Monday, December 19, 2005; Posted: 9:06 a.m. EST (14:06 GMT)

MADRID, Spain (CNN) -- Spanish police early Monday arrested 15 people suspected of recruiting and indoctrinating others to be sent to fight against Western forces in Iraq, according to Spain's interior minister, Jose Antonio Alonso.

The arrests included an Iraqi man Spanish authorities said was linked to Abu Musab al-Zarqawi, the leader of al Qaeda in Iraq.

An Interior Ministry press release said eight Moroccans, an Iraqi, an Egyptian, a Frenchman, a Ghanian, a Bellarussian, a Saudi, and a Spaniard were also among those arrested.

"The network of the people arrested aimed to recruit and indoctrinate mujahideen or holy warriors to be sent to fight in Iraq," Alonso said, adding that the group "had contact with the hard core of al Qaeda in Iraq."

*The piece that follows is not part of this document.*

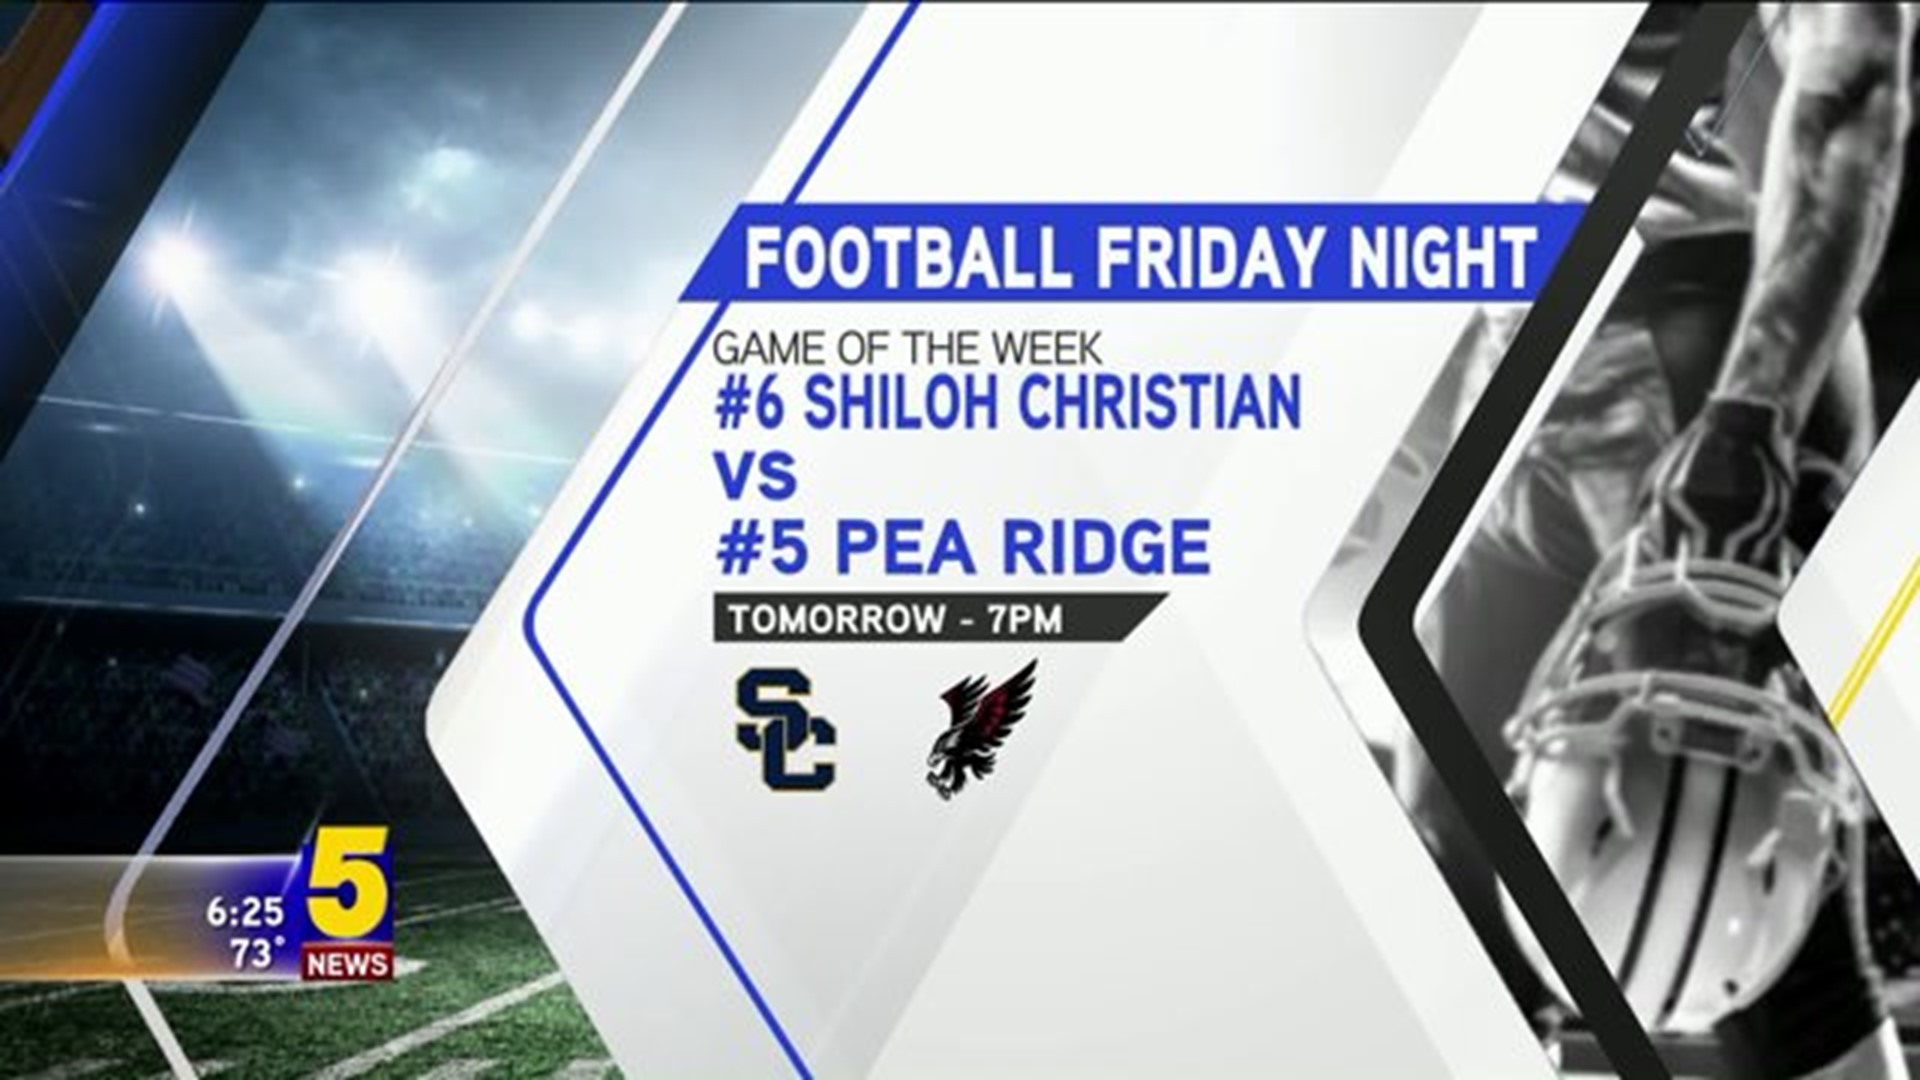 Game of the Week Preview

The press release identified the Iraqi -- Hiyag M., alias abu Sufian -- as the main suspect of the investigation and said he "directed and maintained the communications abroad and with Iraq where he had very close access to the al Qaeda operative Abu Musab al Zarqawi."

The Spaniard, identified as Jose Antonio D.M., was a convert to Islam who was well-off financially. He helped finance the operation, the interior ministry said. He and Abu Sufian were known to have traveled abroad together, and the Spaniard sent "large amounts of money" to Abu Sufian when the Iraqi was abroad alone, the ministry said.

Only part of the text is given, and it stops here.